Adam K., one of the reasons I want everyone else to move to online publishing is just how few writers are allowed those “vanity” collections. Eclectic essayists, like short story writers, are virtually impossible to sell in book form, and brilliant careers vanish like snowflakes. (Assuming you live in a place where snowflakes actually do vanish.)
Considered as a technical problem, “scholarly trackback” seems eminently solvable. As Steve says, the worst obstacles are political in nature.
I’m strongly in favor of online publication and I’m not worried about the problems that have been brought up here. Problems, sure there are problems. There are always problems. But I think the potential is worth it.
I’ve done a bit of publishing in online journals - a half dozen or so major reviews or review articles and three major articles. The articles have been published in PsyArt:
http://www.clas.ufl.edu/ipsa/journal/index.shtml
The journal is refereed. What’s equally important, the review process is relatively quick (3 months or so) and you can publish long articles with lots of diagrams. My three articles are roughly 25K words each, more or less. That’s too short for a monograph and way too long for an article. Further, each has a number of diagrams, which are expensive for print publication, but trivial online (I prepare the diagrams myself).
Those three article are all but unpublishable in ordinary print journals, not because of their intellectual content (though that’s a bit daring too), but because of their length and diagrams. For better or worse, I gravitate toward pieces that are too long for article publication and too short for monographs (not to mention the cumbersome process of publishing a monograph). I can’t help but think that the practical constraints of hard-copy publication have affected the nature of the pieces we write. Those constraints disappear with online publication.
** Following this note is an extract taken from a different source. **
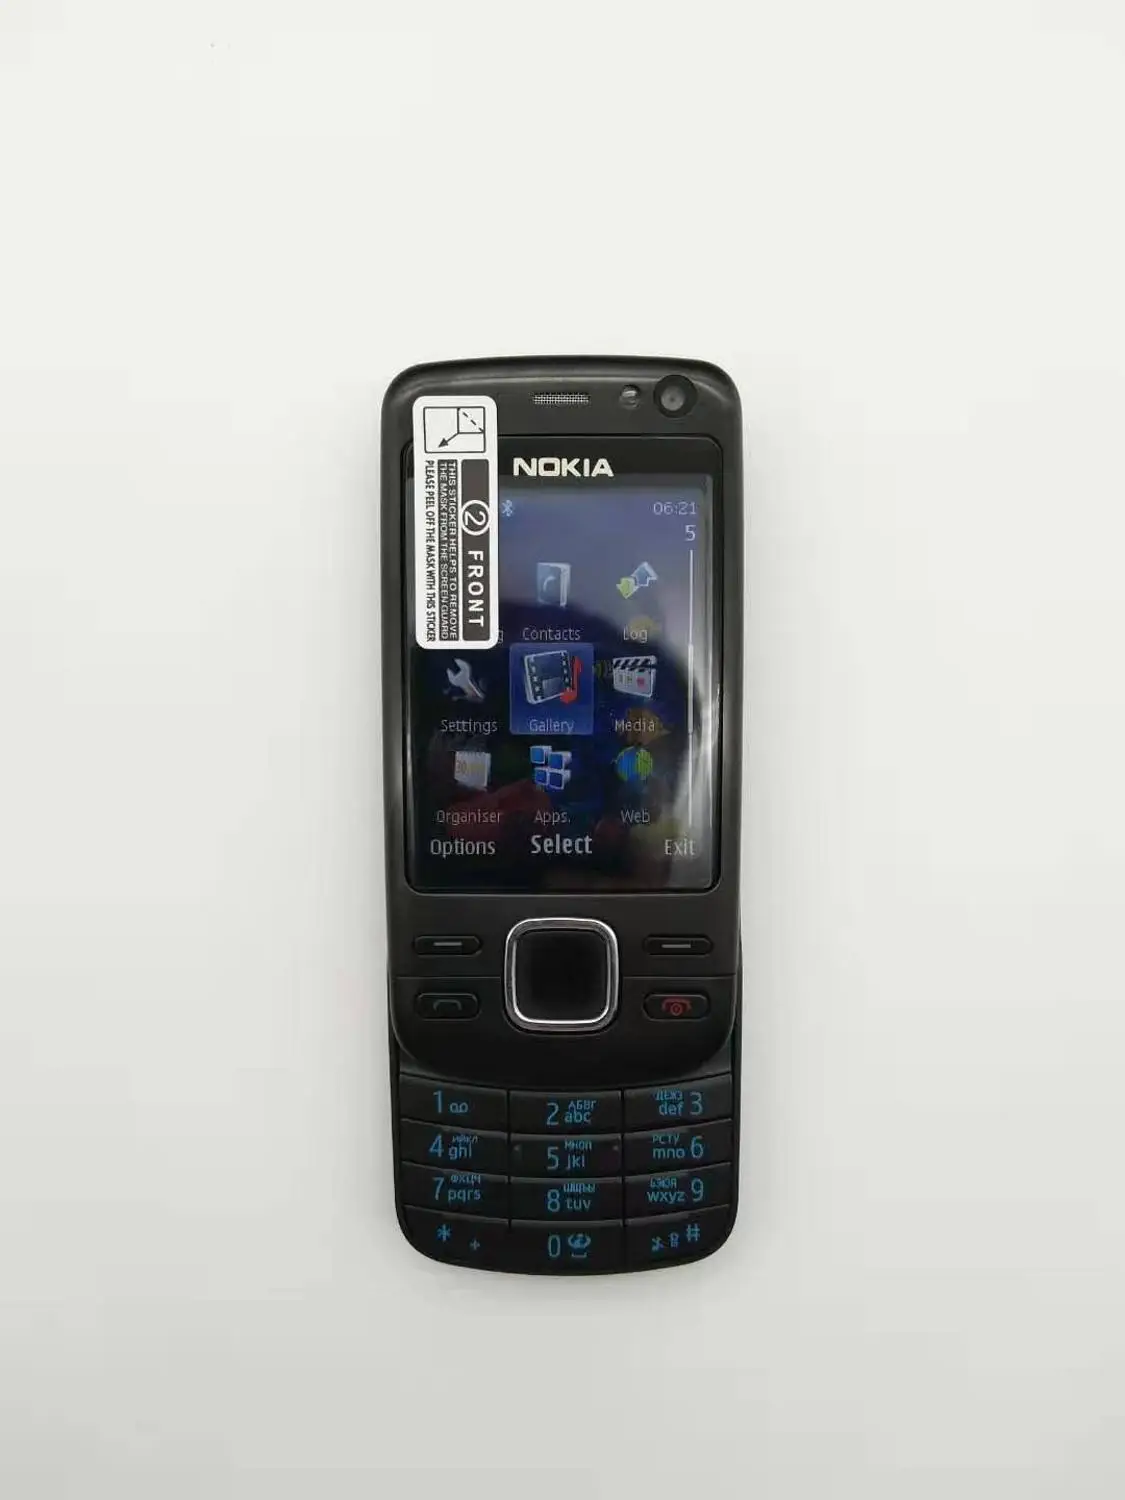 6600i телефон Nokia 6600I сотовый телефон черный цвет отремонтированный

Now, if only PsyArt were connected to a blog so people could comment on articles and authors could respond . . . .
This cogent and timely piece raises very important issues. As Kathleen Fitzpatrick notes, academic authorship has never been an individualistic enterprise. Since the Renaissance, scholars have submitted their work to colleagues for scrutiny and correction before publishing it--a practice that began in some circles even before the invention of printing. There is every reason to acknowledge this fact openly and revise our publication and assessment procedures to take it into account, especially as new technologies transform the possibilities of authorship.
On the other hand, after serving for a year on my university’s committee on appointments and promotions, let me offer one cautionary note: don’t assume that natural and social scientists have a flawless or nearly flawless system of collaborative authorship in place. It’s often not clear even to experts from the evidence included with an article in those fields whether the first or last author is fully responsible or whether a mentor or lab chief or official grant recipient played a substantive role in research or composition. These problems of signalling the components for which an individual was responsible can have a real impact on careers, for ill as well as for good. For want of other information, you sometimes end up relying on confidential letters that state “X was the one who really came up with this insight"--not exactly a model of openness in assessment.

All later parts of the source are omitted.